I assume you meant AKV...?!?

Buying a timeshare isn't like buying a condo, there really aren't 'buyer's brokers.' So choosing a timeshare broker is more a matter of seeing who has the inventory you want. My more recent DVC purchase was through The Timeshare Store (http://www.dvc-resales.com) but there are other good brokers out there.

DVC 1BRs and 2BRs villas have kitchens that range from reasonable to quite nice, the functionality of the studio kitchens vary.


----------



## AnnaS (Nov 28, 2016)

While the kids are in school, not much choice - holidays and summers.  We did this for years.  We tried end of June (right after school was over), July once and then almost all of our trips were end of August (last week off before school started).  Definitely hot and humid but we knew that.  It can be done of course as long as you are prepared.  Get out early (rope drop if possible), go back to the resort very early afternoon (before or after your lunch).  Relax, nap, hang out by the pool.   Head back out very late afternoon/early evening.  Lot's of water, hats, sunblock, ponchos, mist fans.  Whatever works.  If you need to stay in the park longer or middle of the day, take short breaks in the stores, restaurants, ac rides, shade, etc.  

AKVs is a great resort, if this is where you plan on staying, then buy here.  I would suggest you visit at least once before you buy.  If you have time, take a ride to whichever other resort you are/might be interested in.  Get a feel of the place.  Picking a resort is pretty personal.  Some have no problem with the condo style resort and some prefer the hotel style resort.  

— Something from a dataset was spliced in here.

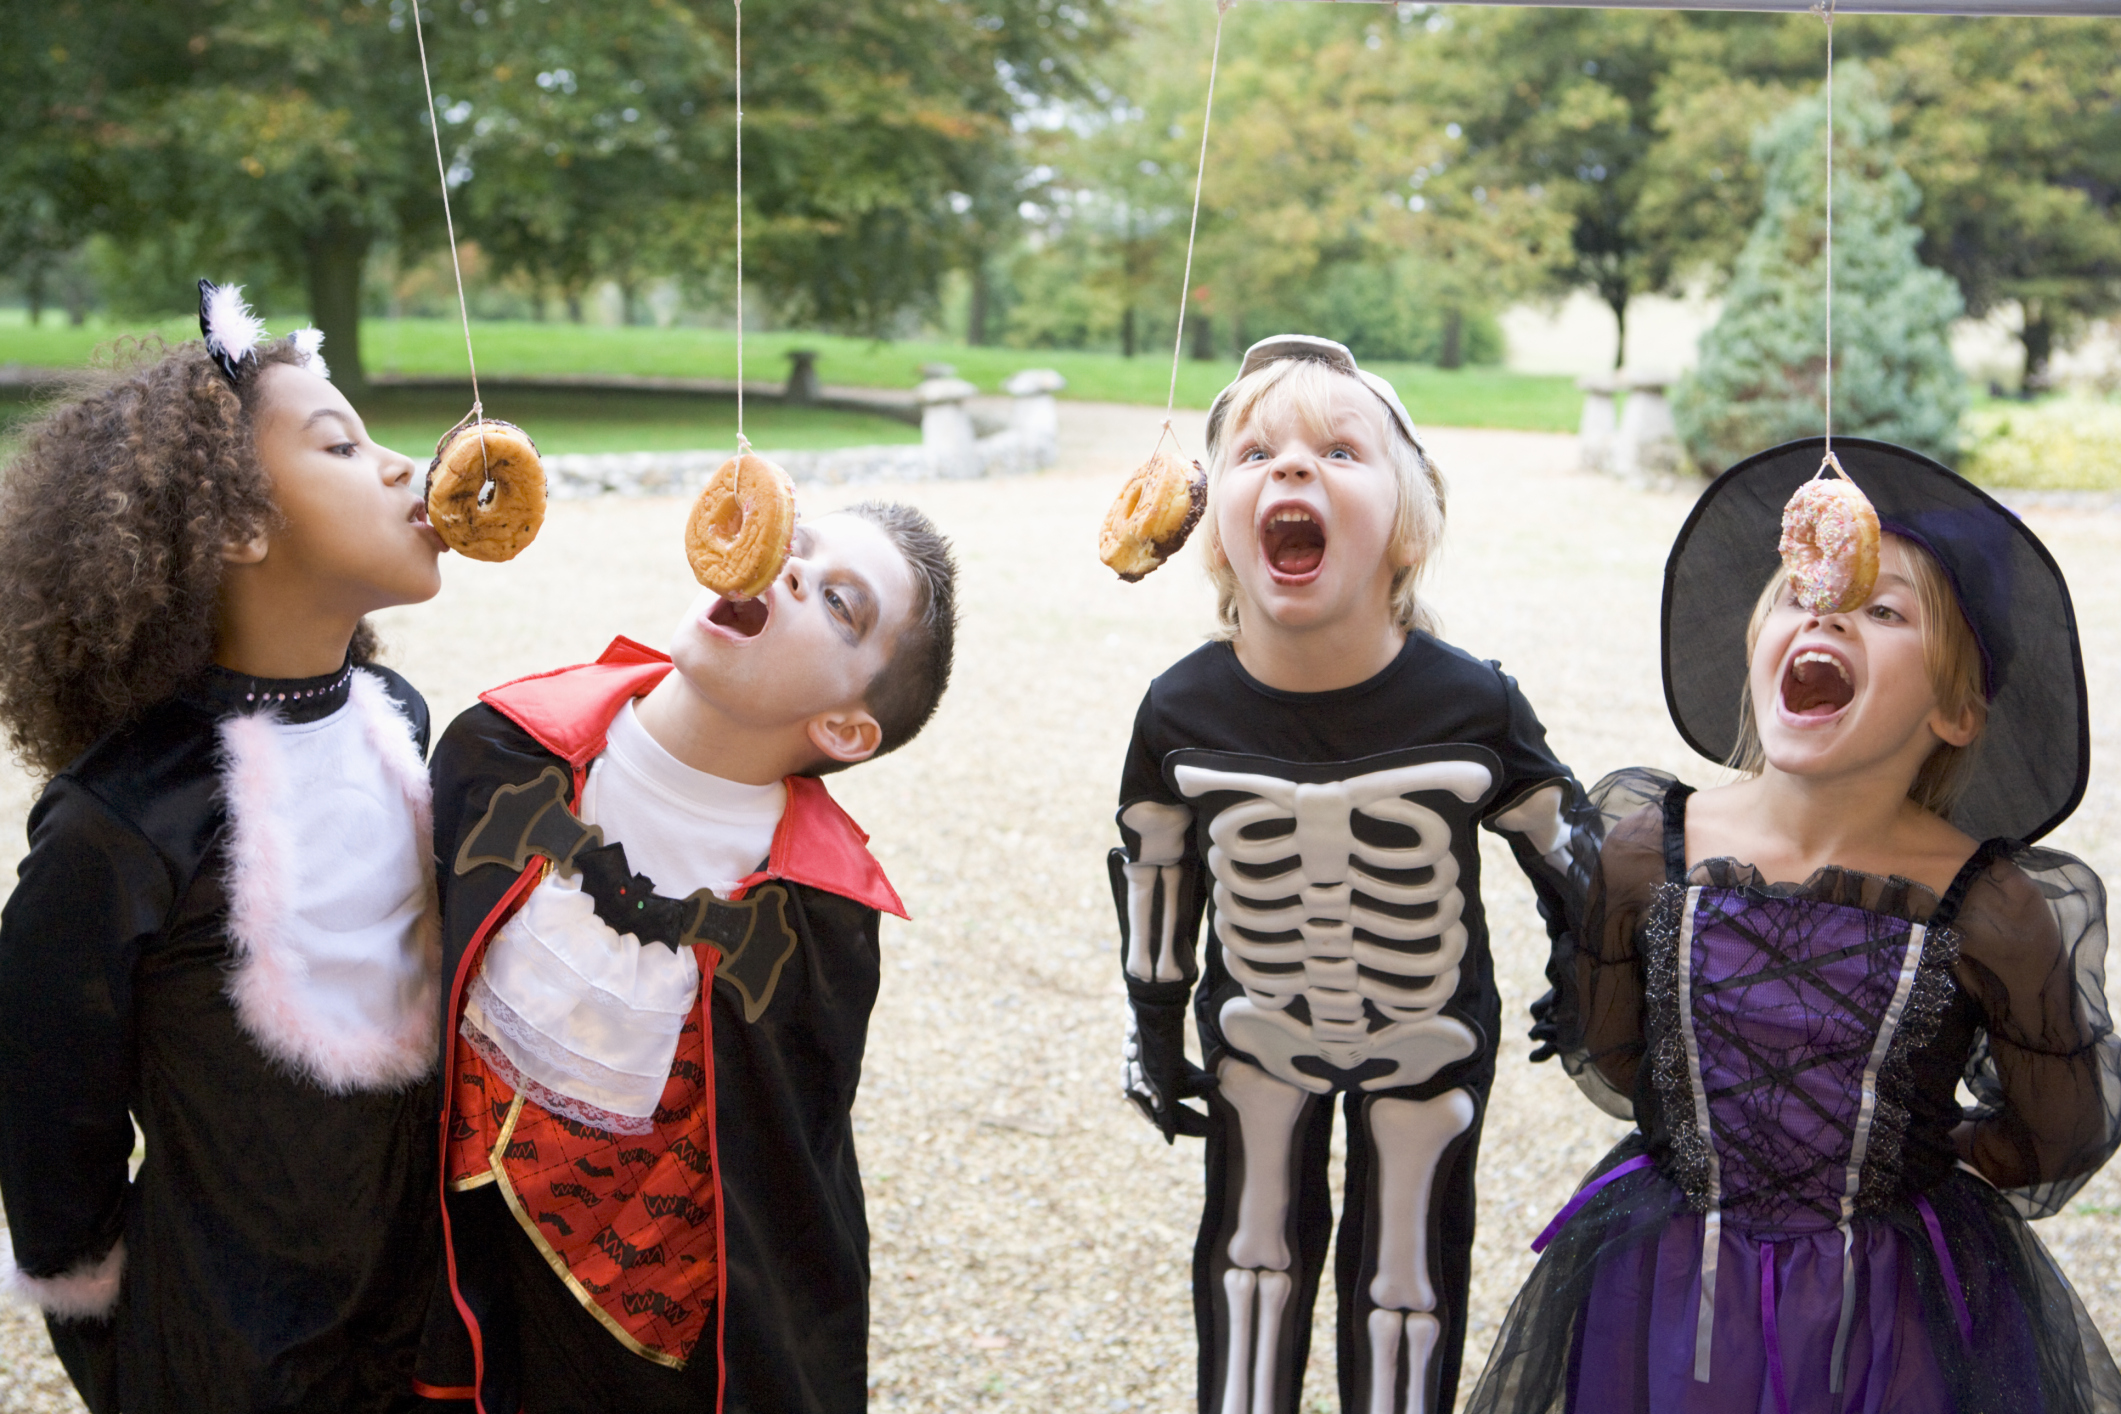 Four young friends on Halloween in costumes eating donuts hanging off strings.

We bought direct many years ago but I would definitely compare direct vs. resale.  If you want to save big bucks and don't mind losing the few "perks" - definitely buy resale.


----------



## capjak (Nov 28, 2016)

I would buy resale first.  Once you are a member you can buy as little as 25 points directly from DVC and get the ticket discounts as well as some others by owning 25 direct and 175 resale.


----------



## Deb & Bill (Nov 29, 2016)

Buy where you don't mind staying if you can't change your reservation at seven months out to a different resort.  Then you won't be disappointed with your stay.  At seven months out, all points are equal and you can book anywhere.  But not everything will be available every time you want to book.

And August is hot, hot, hot.  You'll spend a lot of time at the pool because of the heat.  And August tends to be the month when most hurricanes hit.  So if you fly or drive through any hurricane prone areas, your trip could be delayed.  Hurricanes don't usually affect WDW much (they might shut down for a day or part of a day) but getting there might be a problem.

I agree with capjak.  Buy your bigger resale contract first.  Then DVC will sell you a 25 point contract to match your Use Year (but not your resort if you want 25 points at a different one - but 25 points won't get you much) to get the AP perks.  They usually won't sell you a 25 point contract as a first contract.  But they will as a add-on.


----------